In a tort action against an insurer based on an agent’s alleged oral misrepresentation as to payment terms, the limitations period of Miss. Code Ann. §15-1-49 was not tolled because the insured had the written policy in hand and thus could not demonstrate that some affirmative act was done to prevent discovery of the actual terms. Wilbourn v. Equitable Life Assur. Soc'y of the United States, 998 So. 2d 439, 2007 Miss. App. LEXIS 501 (Miss. Ct. App. 2007), rev'd, 998 So. 2d 430, 2008 Miss. LEXIS 602 (Miss. 2008).

Insurer’s right to subrogation under Miss. Code Ann. §83-11-107 does not transform into a right to “equitable indemnification” merely because the limitations period in Miss. Code Ann. §15-1-49 has run on its subrogation right, even where the limitations period expires owing to no fault of the insurer. Miss. Farm Bureau Cas. Ins. Co. v. Orme, 422 F. Supp. 2d 685, 2006 U.S. Dist. LEXIS 12674 (S.D. Miss. 2006).

Where the debtors filed suit against mortgage and insurance companies for breach of fiduciary duties and negligent mispresentation more than four years after receiving their mortgage loans, the case was barred by the three-year statute of limitations set forth in Miss. Code Ann. §15-1-49. Carter v. Citigroup, Inc., 938 So. 2d 809, 2006 Miss. LEXIS 366 (Miss. 2006).

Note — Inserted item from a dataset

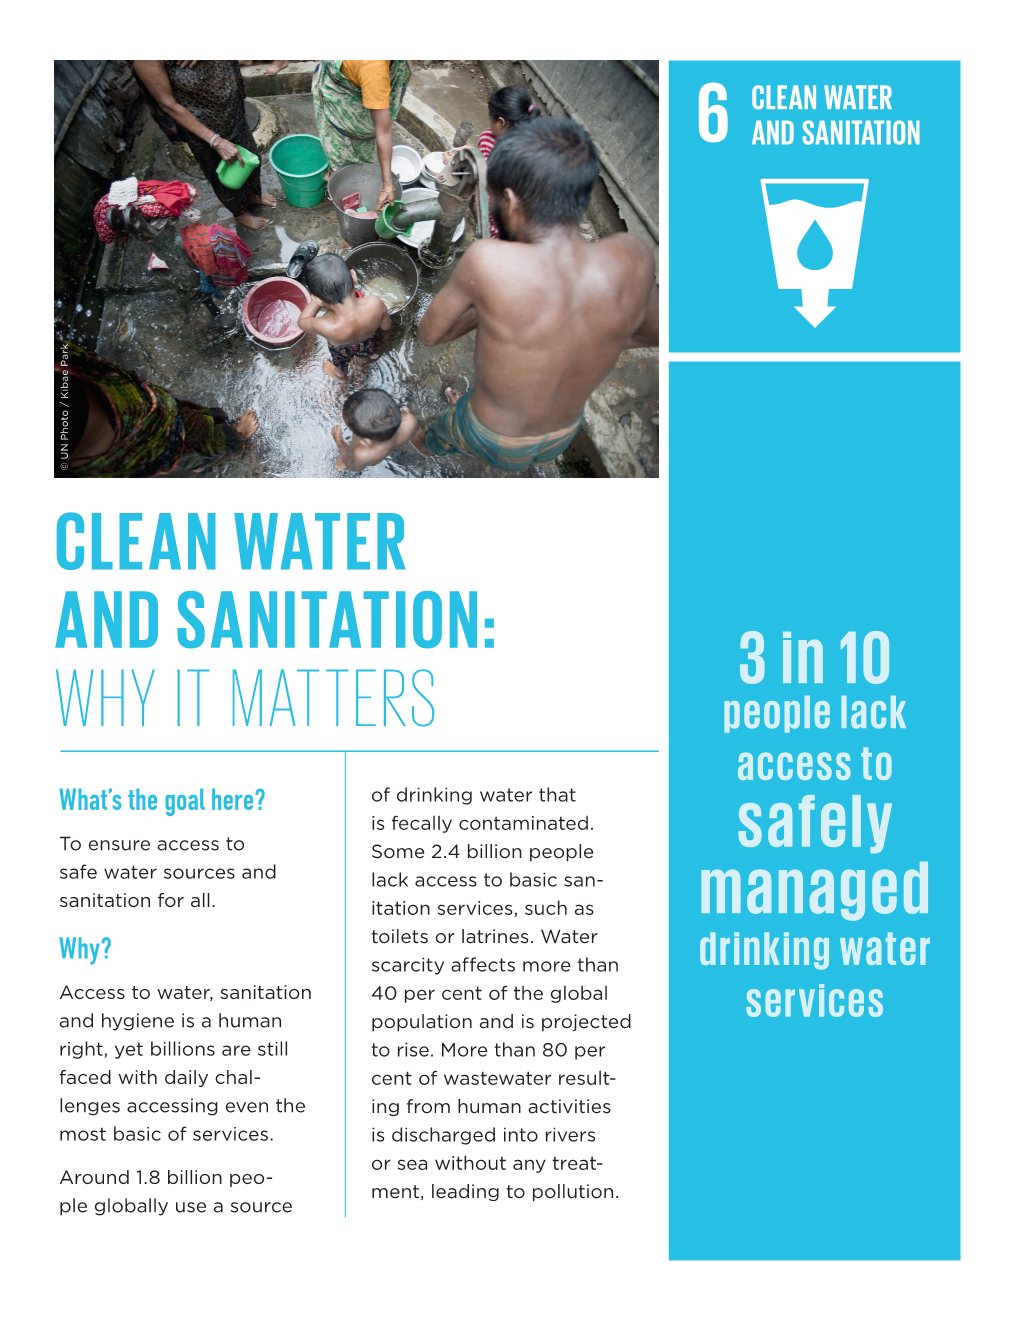 Clean Water and Sanitation: Why It Matters

Insurer of a passenger and an insured could not proceed on a claim for “equitable indemnification” against the insured to recover a sum paid to the passenger under an underinsured/uninsured motorist policy after he was struck by the insured’s car; the insurer could proceed only on a claim of subrogation under Miss. Code Ann. §83-11-107, but because the claim was barred by the statute of limitations in Miss. Code Ann. §15-1-49, the insurer had no viable claim against the insured. Miss. Farm Bureau Cas. Ins. Co. v. Orme, 422 F. Supp. 2d 685, 2006 U.S. Dist. LEXIS 12674 (S.D. Miss. 2006).

Statute of limitations on an insured’s claim for uninsured motorist benefits expired on August 8, 2003, where the insured admitted that she knew the alleged tortfeasor was uninsured on August 8, 2000, the date of the accident. As the insured never filed a claim against the insurer during that period, the insured’s claim was now barred by the three-year statute of limitations. Fid. & Guar. Ins. Underwriters v. Sullivan, 2006 U.S. Dist. LEXIS 2527 (N.D. Miss. Jan. 11, 2006).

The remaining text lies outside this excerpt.